Figure 5 shows the extension of the code example by a function to clear one of the bits. This requires only two small changes to the copy of the set function. In line 14, the name of the function is changed, in line 20 the “or” of the bit is replaced by an “and” with the bit inverse value to be set.
In addition, the value range of the bitno parameter should be checked with an assertion. For this purpose, an include statement is inserted at the beginning of the module.

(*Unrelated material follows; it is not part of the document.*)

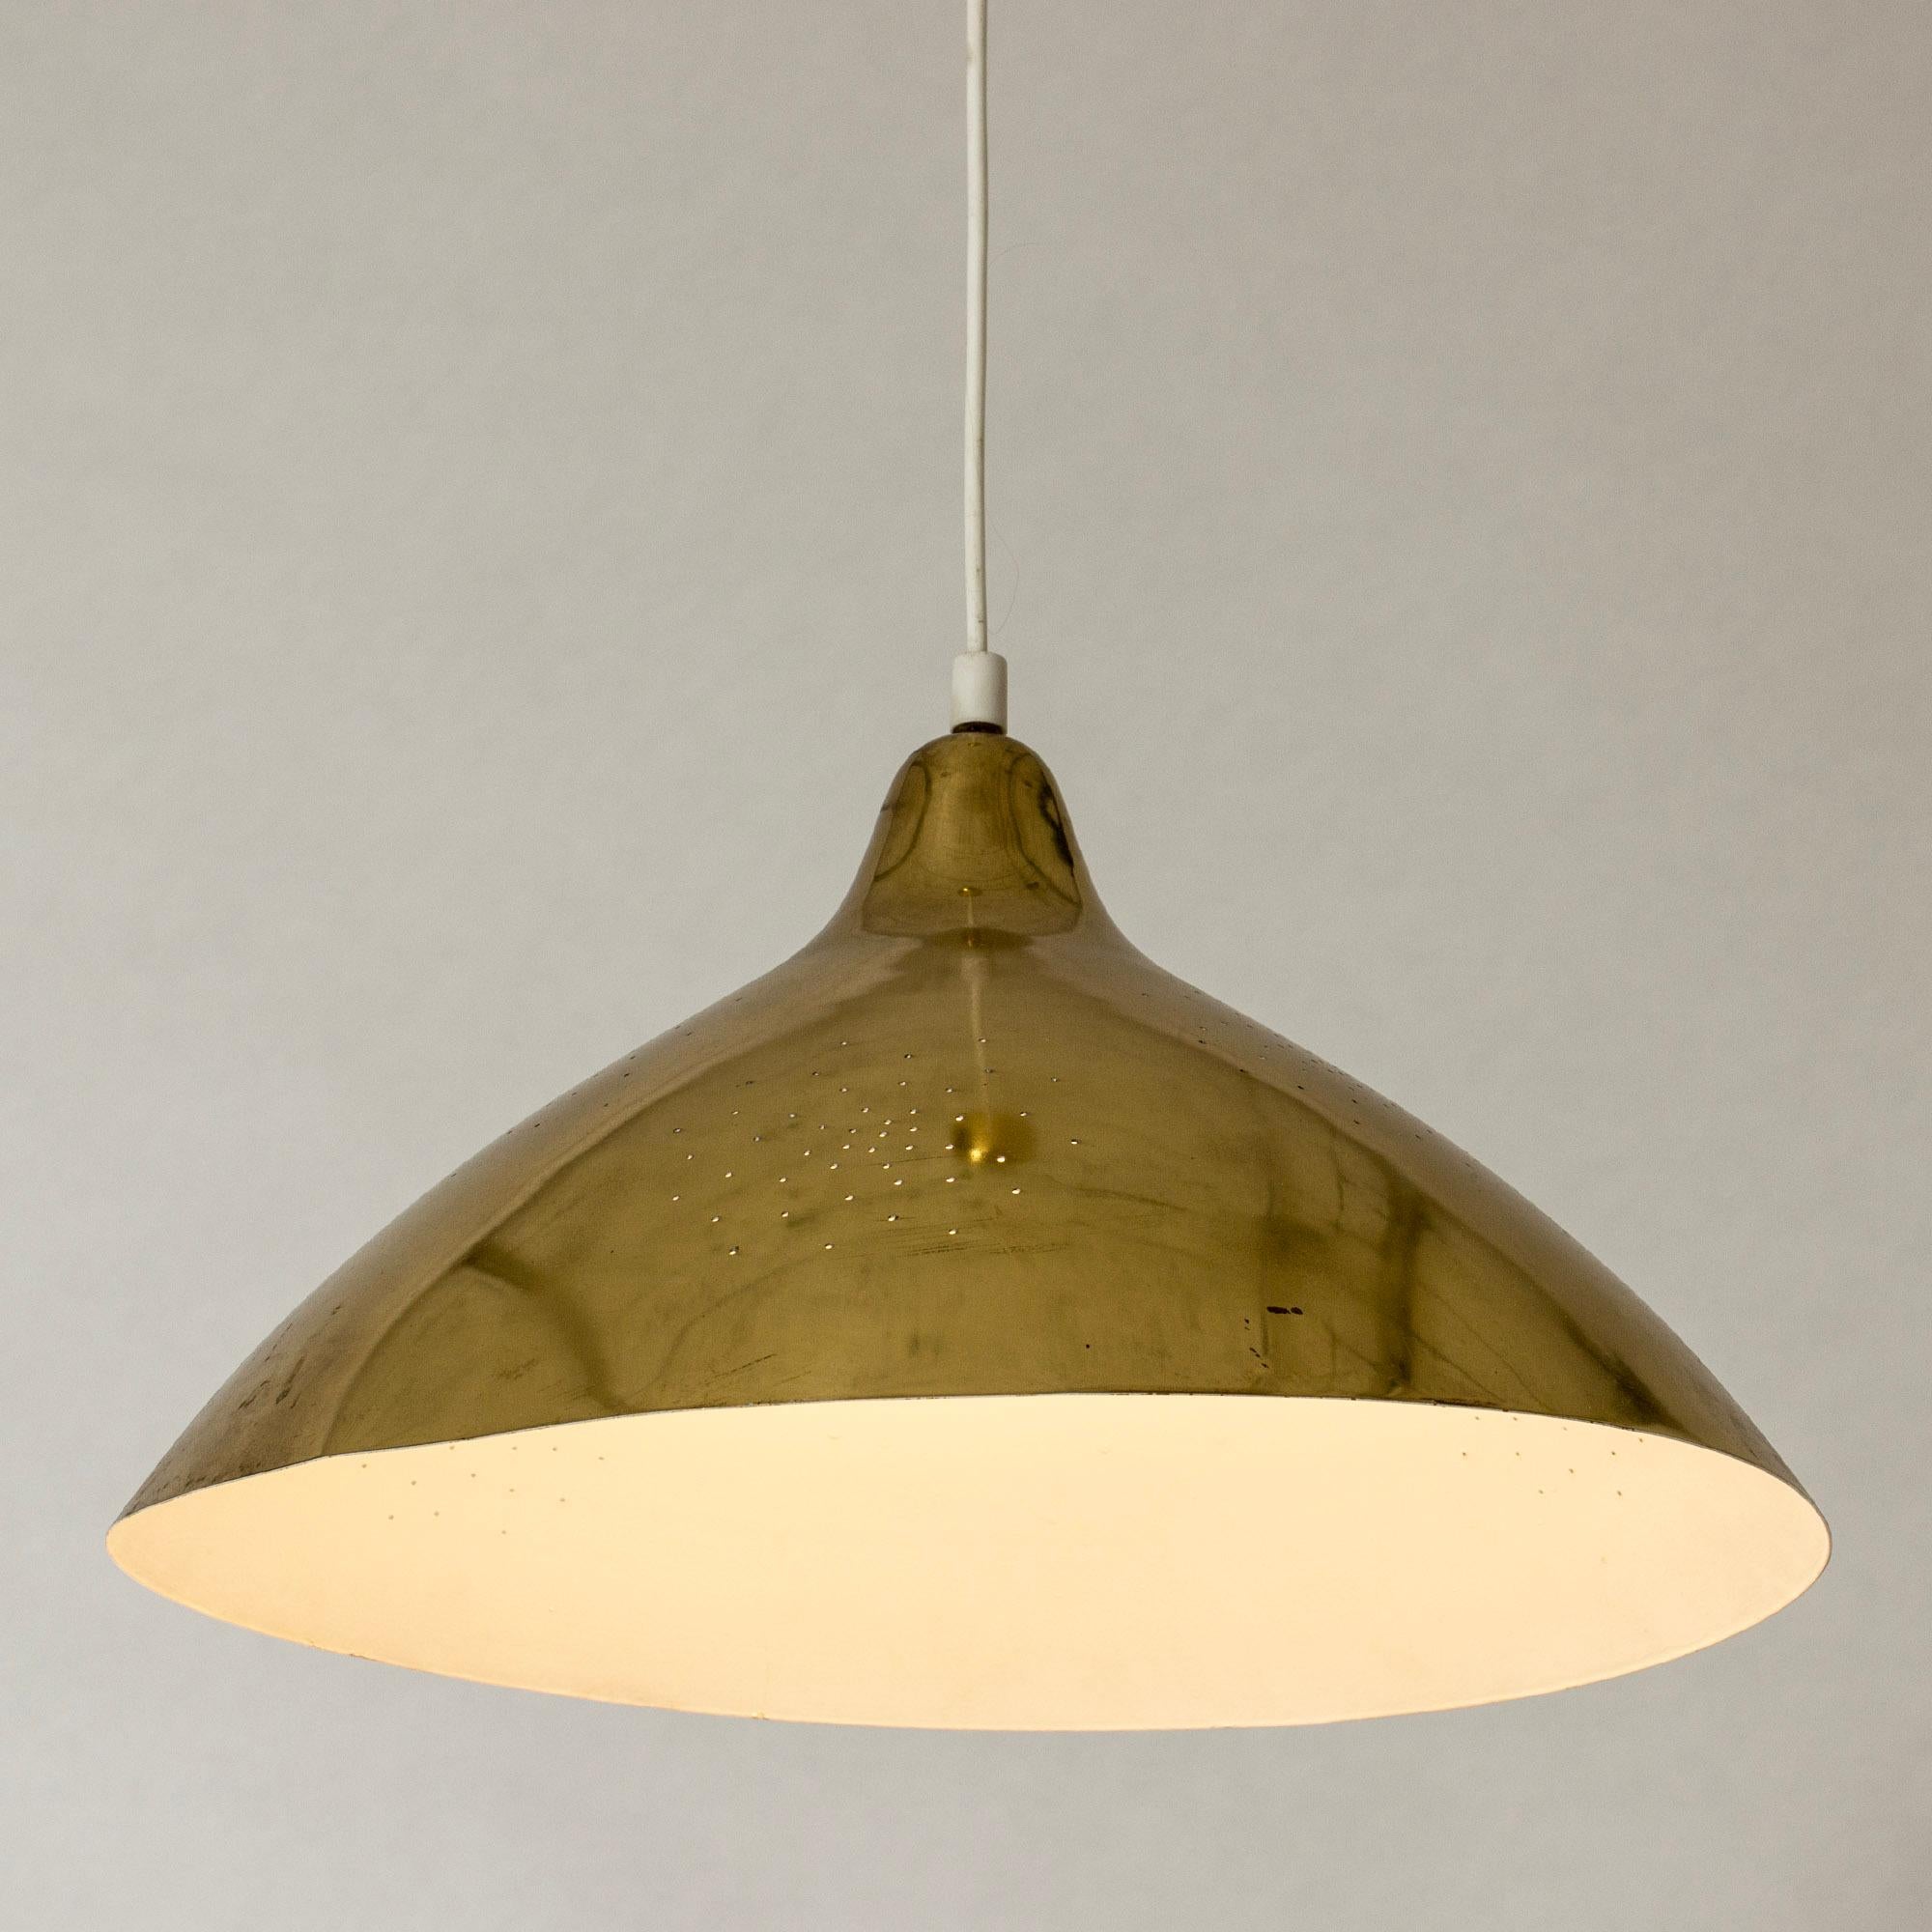 Midcentury Brass Pendant Lamp by Lisa Johansson-Pape, Orno, Finland, 1950s In Good Condition For Sale In Stockholm, SE

#include <assert.h> and in the body of the two functions the value is checked with:assert( bitno < 32 );
Application in RTOS context
Counting semaphore are used to synchronize tasks. A producer task could for example read data from a sensor and a consumer task could use the read values for calculations. Since the two tasks can run asynchronously with different priorities, synchronization is necessary. The producer increments a counter variable when data is read in and stored in a buffer. The consumer decrements the counter when it reads and processes data from the buffer. If the counter has the value 0, there is no data for processing, due to the asynchrony of the tasks, the value can become larger than 1, i.e. several data packets are waiting to be processed. Both increment and decrement must be protected by critical sections because of potential race conditions. The same applies to MUTEX, which usually enable access protection to resources. The main difference of MUTEX to a semaphore is that a MUTEX is always assigned to a single task, i.e. only the task that got a MUTEX can release it again. For example, in the open() function a UART interface is protected by a MUTEX from access by other tasks until the “owner” releases the MUTEX again. Whereas semaphores might be accessed by several tasks. This difference does not affected the application of Exclusive Primitives to the realization of the Critical Sections. Therefore the following code examples are limited to a potential realization of semaphores.
Have fun with Cortex-Mx 😊
Finally, please find below two code examples for
OS_Semaphore.h and OS_Semaphore.c
1 /**********************************************************************//**
2 * @file OS_Semaphore.h
3 * @version V1.1
4 * @date 14th of Feb 2025
5 * @author Remo Markgraf
6 * Copyright (C) 2025 Remo Markgraf info@tnms.de All rights reserved.
7 * @warning
8 * THE SOFTWARE IS PROVIDED "AS IS", WITHOUT WARRANTY OF ANY KIND, EXPRESS,
9 * IMPLIED OR STATUTORY, INCLUDING, BUT NOT LIMITED TO, THE WARRANTIES OF
10 * MERCHANTABILITY, FITNESS FOR A PARTICULAR PURPOSE AND NONINFRINGEMENT TO
11 * THIS SOFTWARE. IN NO EVENT SHALL THE AUTHOR BE LIABLE FOR ANY CLAIM,
12 * DAMAGES OR OTHER LIABILITY, WHETHER IN AN ACTION OF CONTRACT, TORT OR
13 * OTHERWISE, ARISING FROM, OUT OF OR IN CONNECTION WITH THE SOFTWARE OR THE
14 * USE OR OTHER DEALINGS IN THE SOFTWARE.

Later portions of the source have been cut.